### [WHAT TO DO]
The lines to be extracted begin at the line containing "Bench in the" and end at the last line of the data below; copy them exactly and leave out the pictures.

(Records drawn from a dataset)

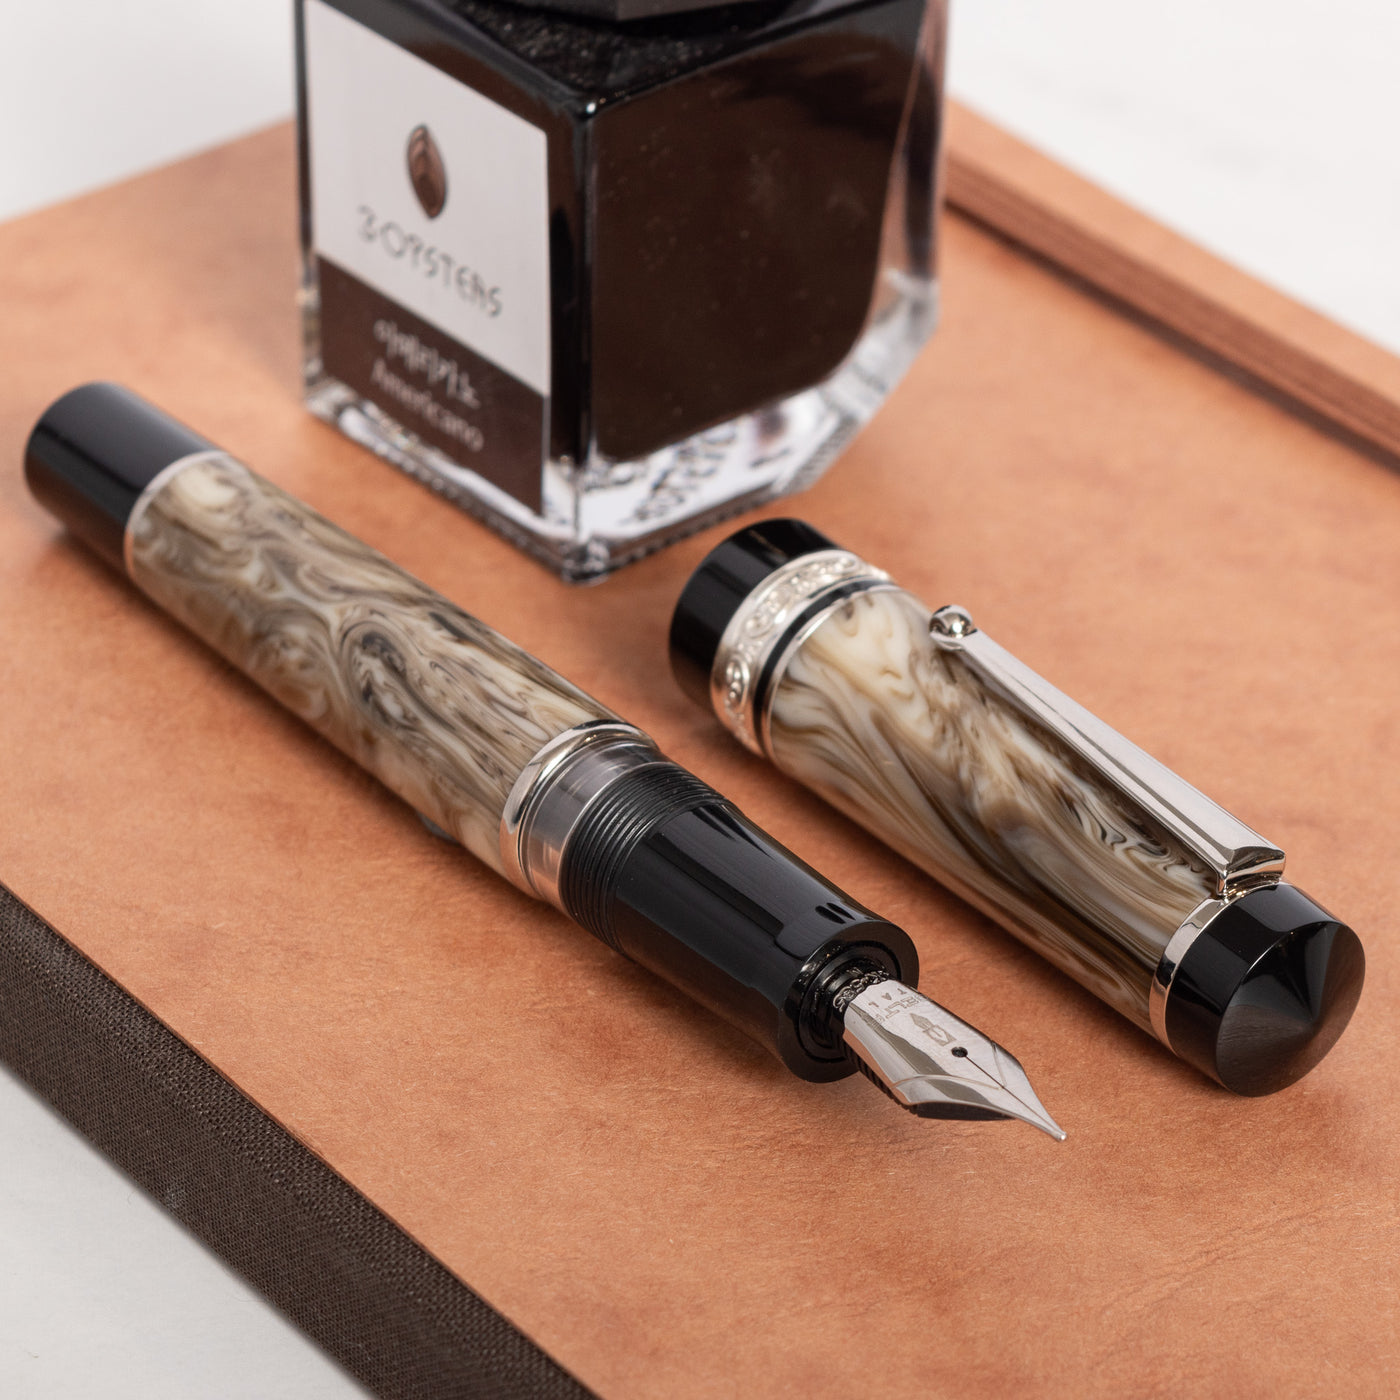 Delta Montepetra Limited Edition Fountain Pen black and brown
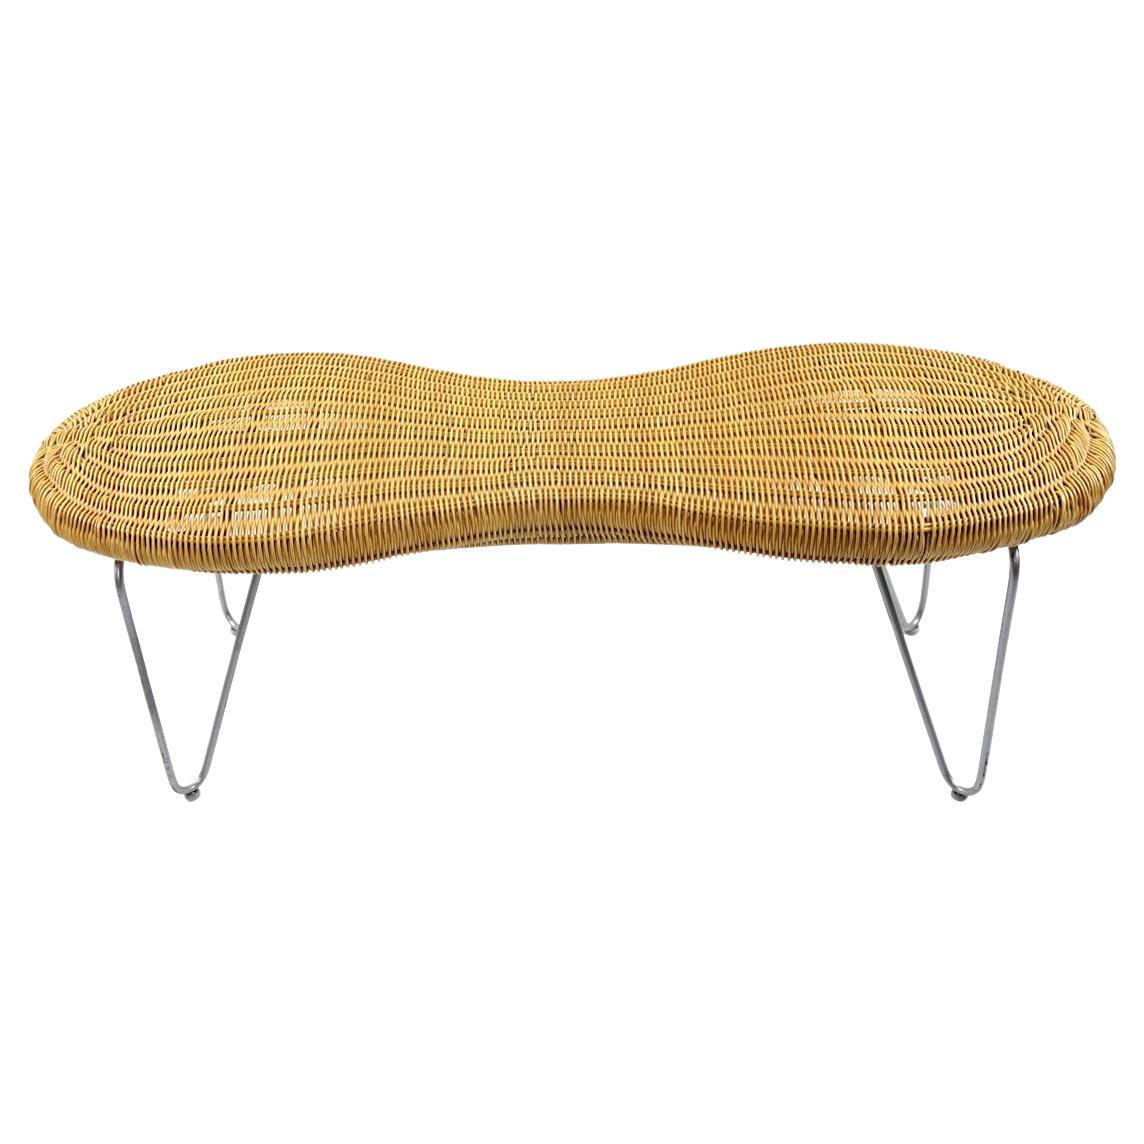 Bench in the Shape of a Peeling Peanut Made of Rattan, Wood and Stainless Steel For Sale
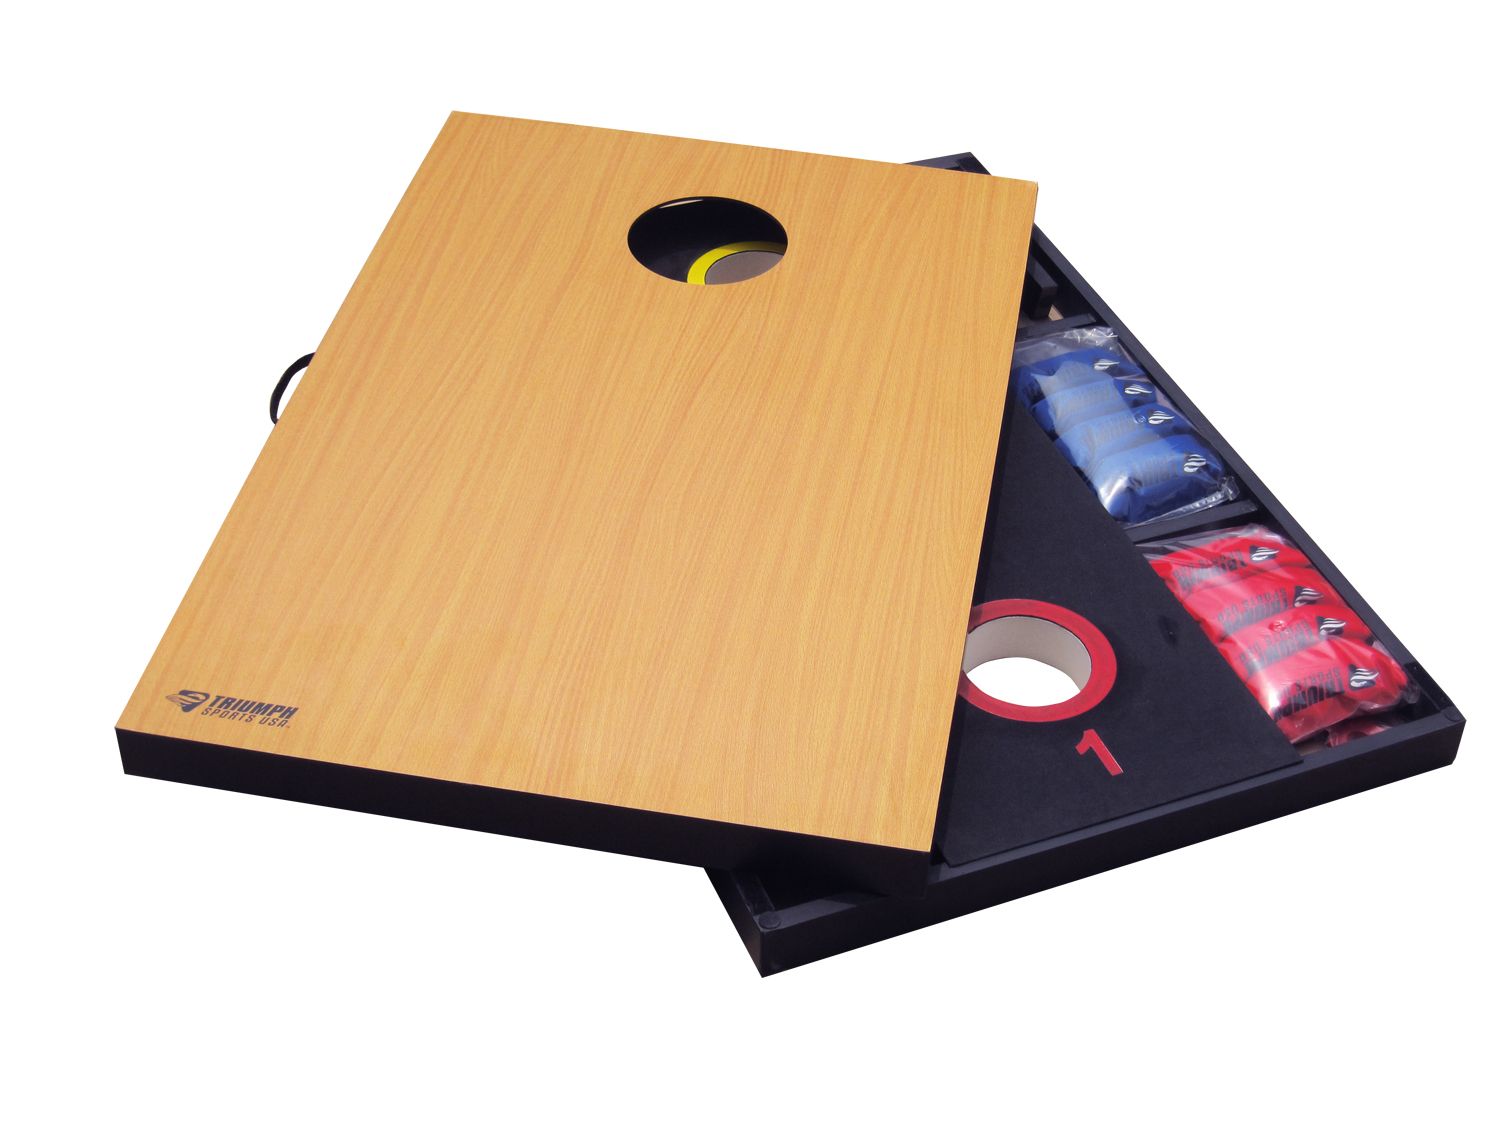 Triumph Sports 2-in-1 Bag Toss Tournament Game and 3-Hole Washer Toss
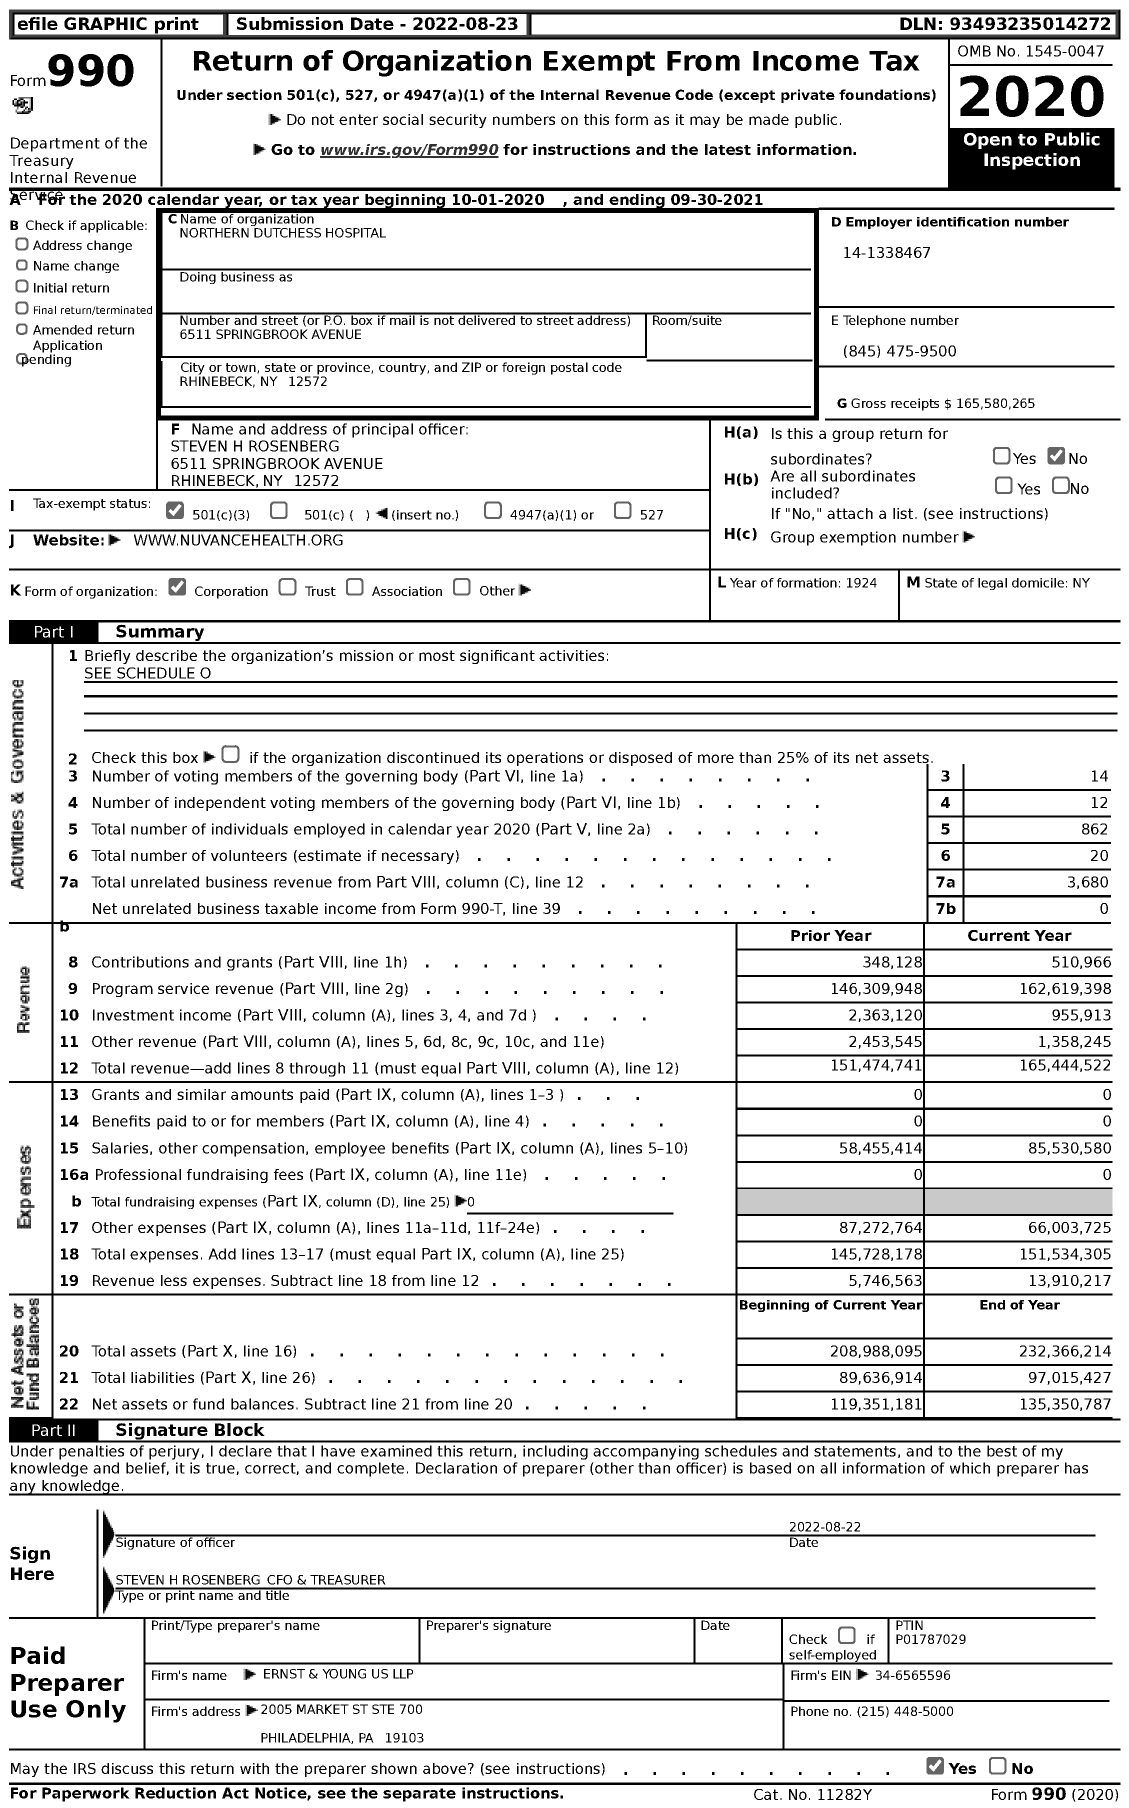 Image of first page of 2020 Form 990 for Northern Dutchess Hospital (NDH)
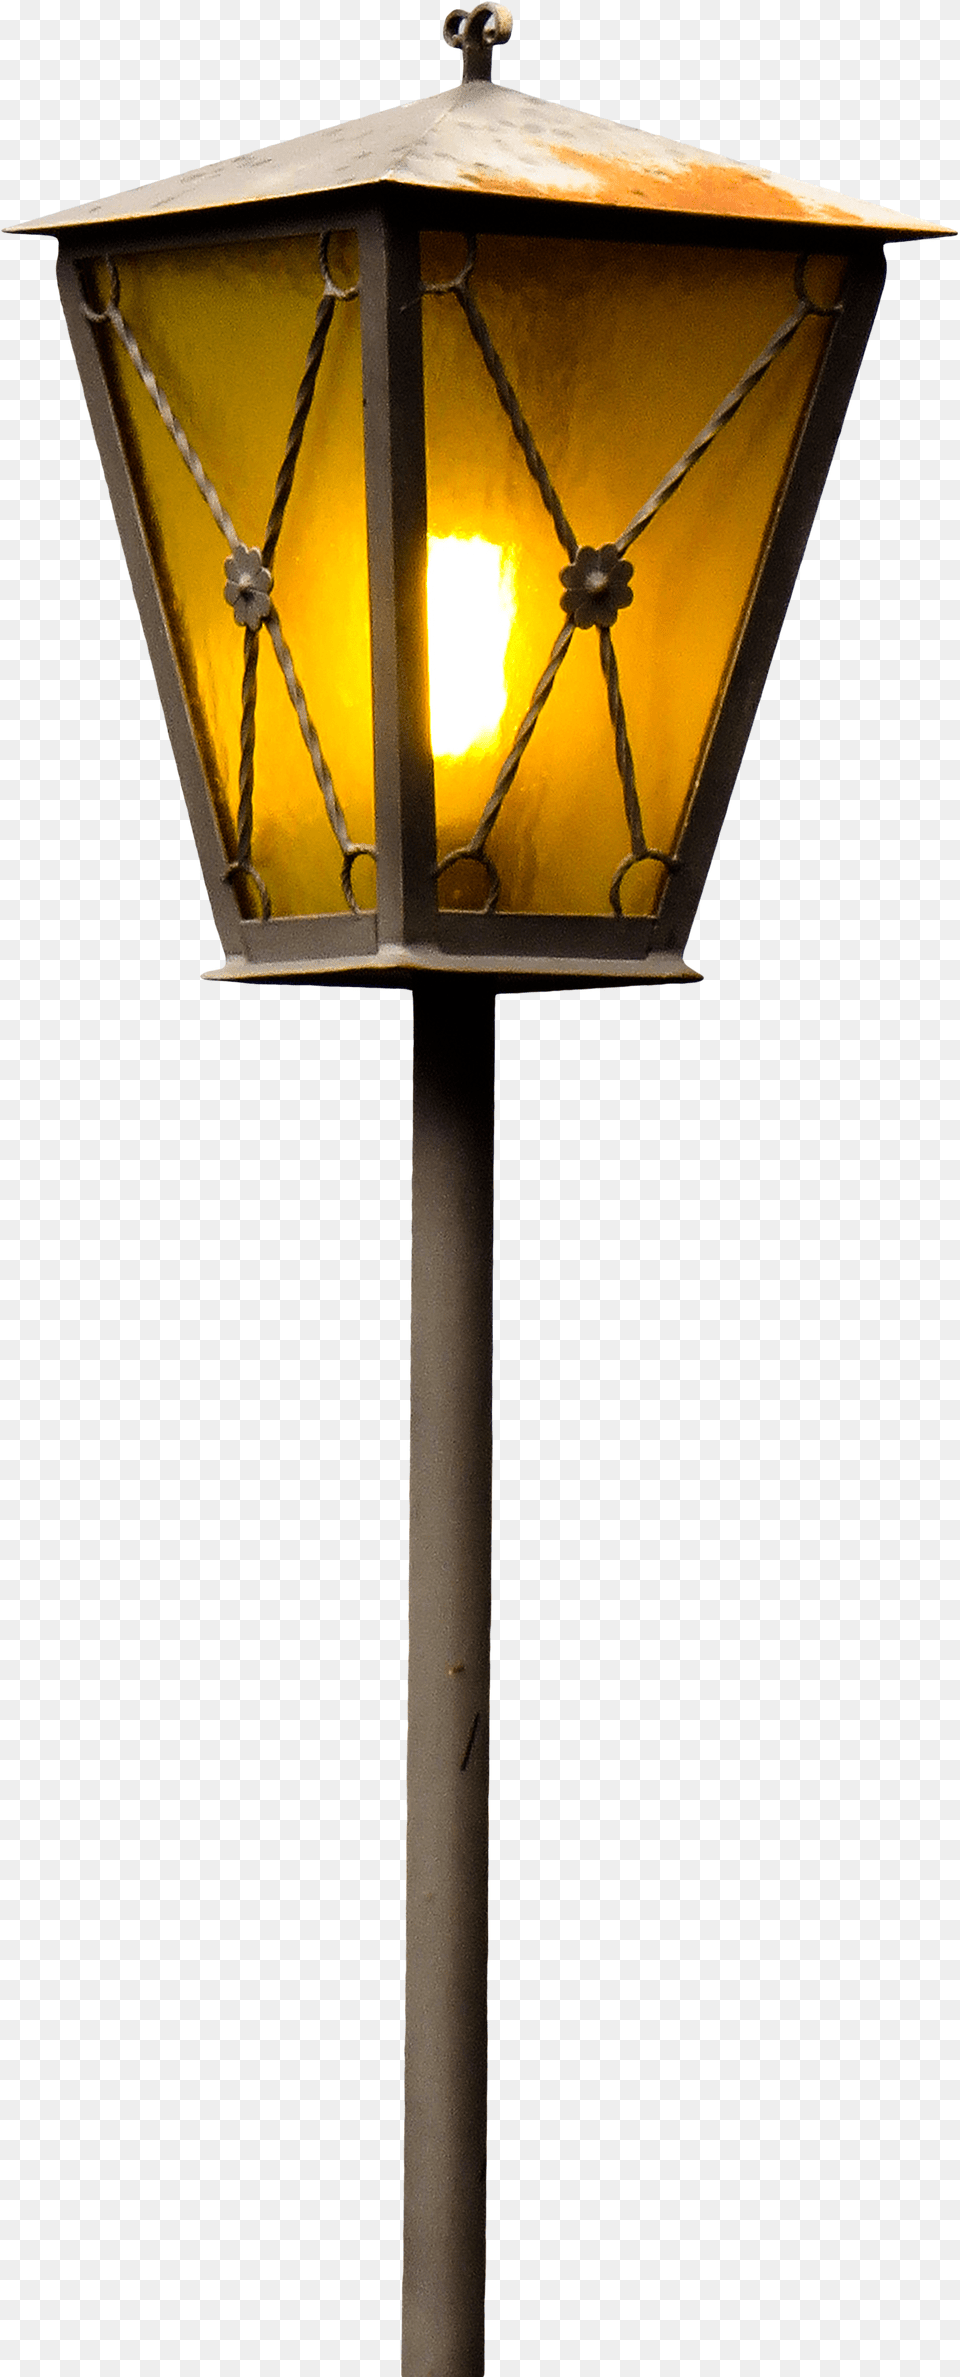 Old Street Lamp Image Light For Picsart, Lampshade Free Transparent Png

### [SOLUTION FOR THIS TASK]
 Bench in the Shape of a Peeling Peanut Made of Rattan, Wood and Stainless Steel For Sale
 Triumph Sports 2-in-1 Bag Toss Tournament Game and 3-Hole Washer Toss
 Image of first page of 2020 Form 990 for Northern Dutchess Hospital (NDH)
 Old Street Lamp Image Light For Picsart, Lampshade Free Transparent Png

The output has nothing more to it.